Why power flowed so dramatically from the once-imperial Senate to the now imperial presidency has been the subject of countless books and studies. The 1898 war with Spain left America a far-flung empire, and battles fought to protect the Panama Canal’s shipping lanes or against anti-colonial rebels in the Philippines left no time for debate.
Much attention, too, has been paid to the tremendous growth of the executive branch bureaucracy, first as the state and war departments ballooned during the two world wars and then, during the Cold War, with the birth of new players subservient to the executive - the National Security Council in 1947, and the “intelligence community” soon after that. As Stephen Skowrenek writes in “The Politics Presidents Make,” a president naturally seeks to “confirm during the exercise of his power his own presentiments about his place in history.” By about 1950, all the levers necessary to do so were in place.
They have not faltered since. Johnson used them to get his way in 1964 with the Tonkin Gulf resolution; Nixon to have his, invading Laos and Cambodia; and Reagan in arming rebel movements from Nicaragua to Afghanistan. Even Clinton pushed the divisive NAFTA treaty through the Congress before his personal failings destroyed his agenda.

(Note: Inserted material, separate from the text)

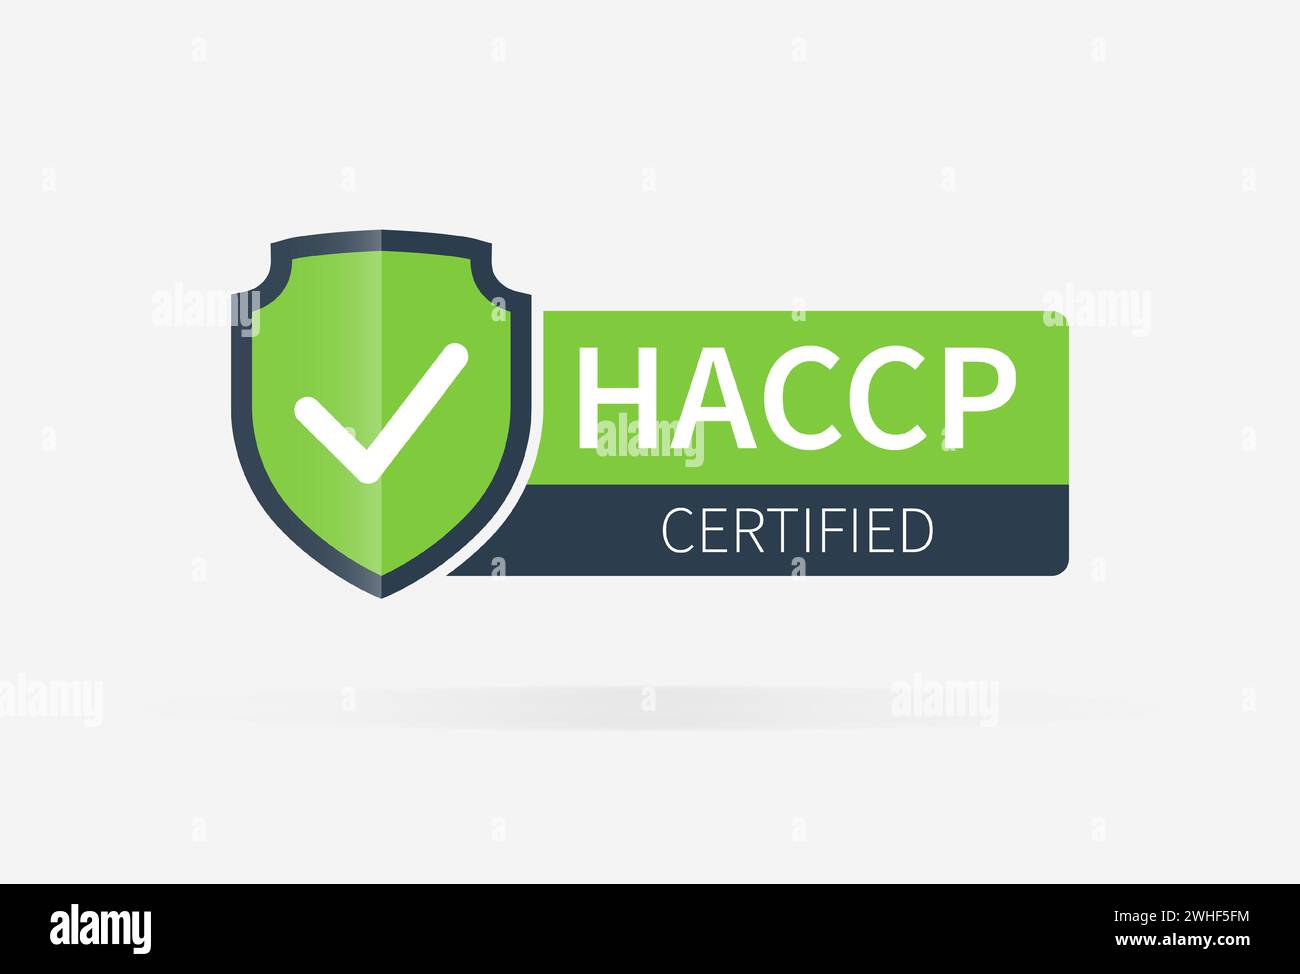 HACCP, Hazard Analysis Critical Control Points of Certified Stempelsymbol Stock Vektor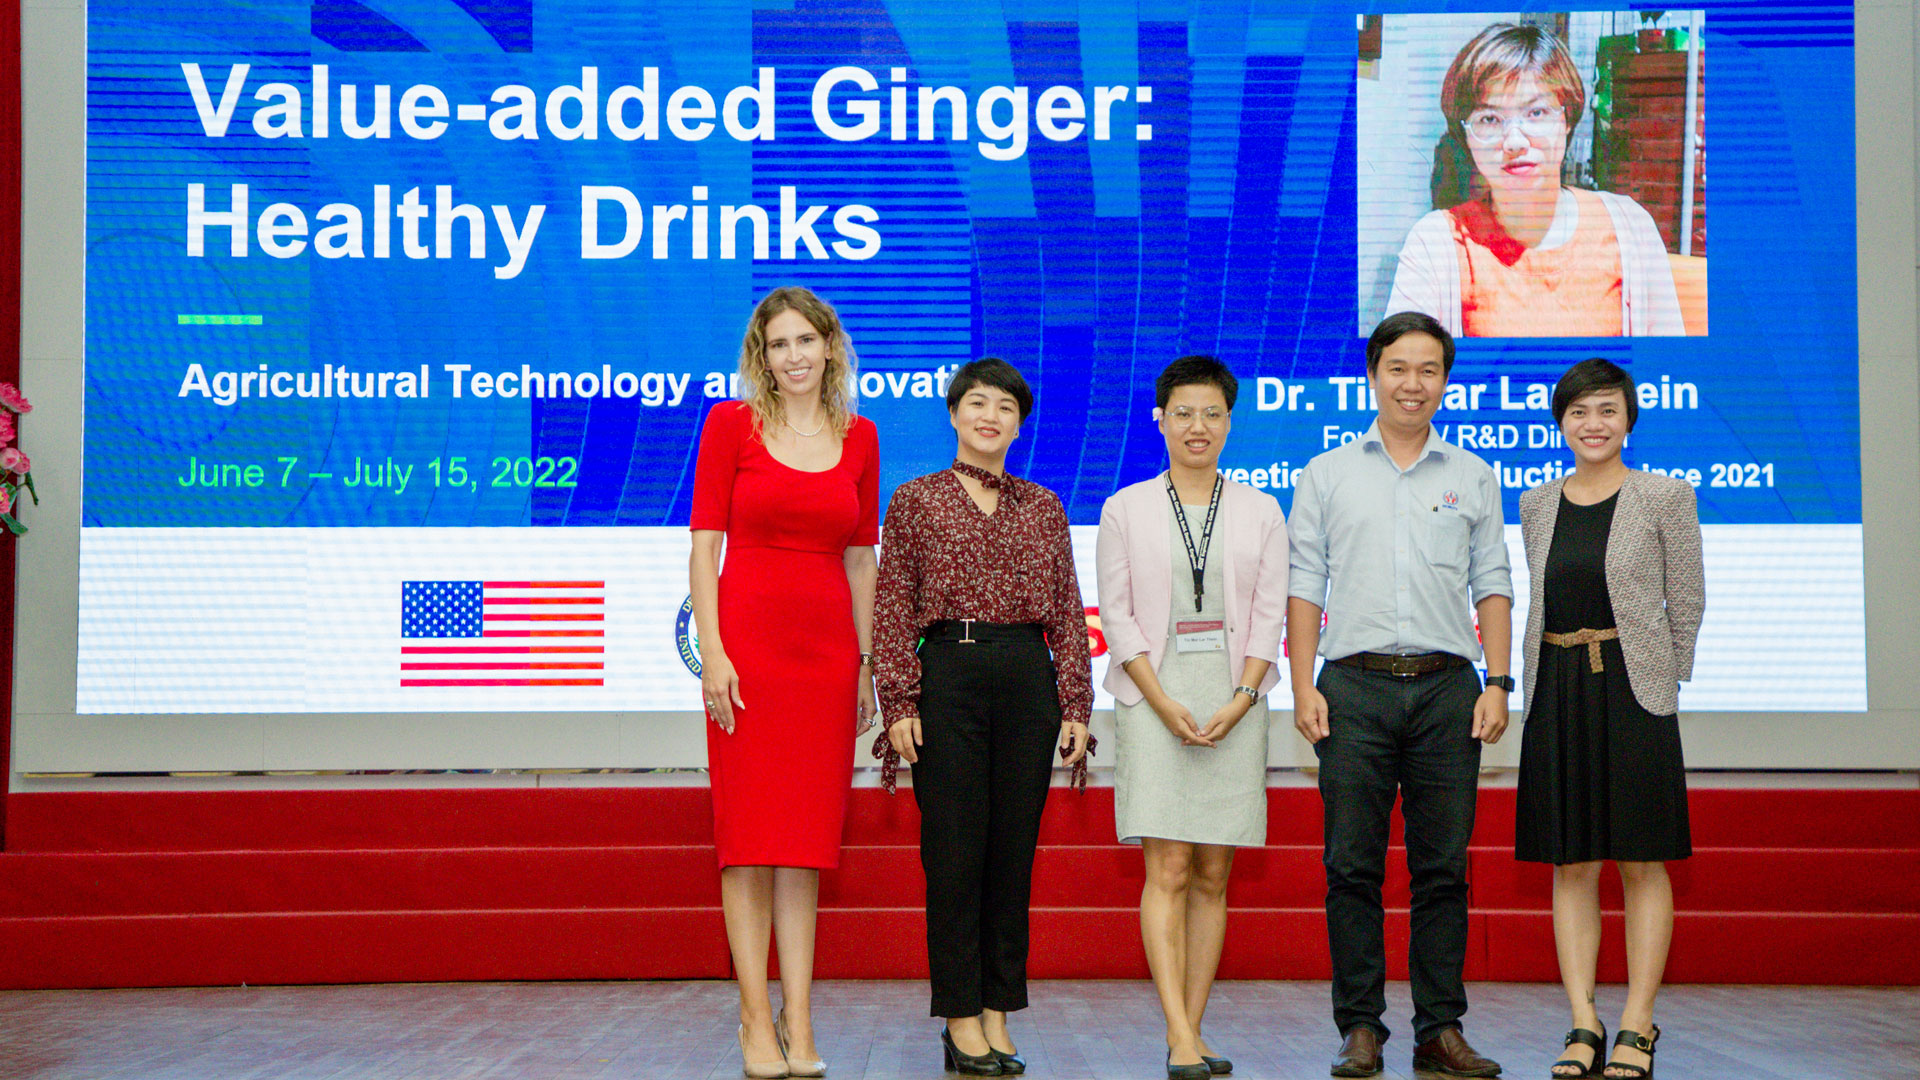 Tin Mar Lar Thien poses with Meghan Gibson and the MUSP Young Scientist Program pitch competition judges as the winner for her project for value-added, healthy ginger drinks.

Modern presidents run foreign policy virtually unchecked.
WRECKS AND CHALLENGES

So why has the Senate’s ability to help shape the nation’s foreign policy - and to demand that issues of war and peace be subjected to intensive debate - withered so dramatically?
Historians generally trace the roots of this decay to 1919, when Congress prevented the United States from entering the League of Nations — this despite the fact that the organization was the brainchild of American President Woodrow Wilson.
Britain and France deserve the blame for the disastrous Versailles Treaty that ended World War I, and for sitting on their hands as Hitler used resentment of the treaty to plot his evil. But America’s absence from the debate was an act of the Senate, or, more accurately, a failure to act.
And it only got worse. Consider these statements from leading Republican senators on the eve of World War II as they criticized Franklin Roosevelt for trying to aid Britain’s war against Hitler.
1940: “The president confuses the defense of Britain with the defense of the United States.” - Sen. Robert Taft, R-Ohio.
1941: “There is no reason why we should not have peaceful relations with the rest of the world if we cease playing the role of Meddlesome Mattie.” - Sen. Arthur Kapper, R-Kansas.
The Senate never has recovered from the disgrace of those years. Presidents after Roosevelt, with some justification, moved quickly to write the Senate out of the script of foreign policy. From the Korean War onward, no president ever has asked Congress for anything more than political cover for launching a new war. Does anyone believe the Vietnam War would have been averted if Johnson lost the Tonkin Gulf vote? Would the Gulf War have been halted if Democratic opponents had prevailed in the 1990 vote? Not likely.
George W. Bush may or may not ultimately send American troops into Iraq again. This much is certain, though: Whatever he decides, he will do without the “advice” or “consent” of the Senate, and that seems to suit the Senate just fine.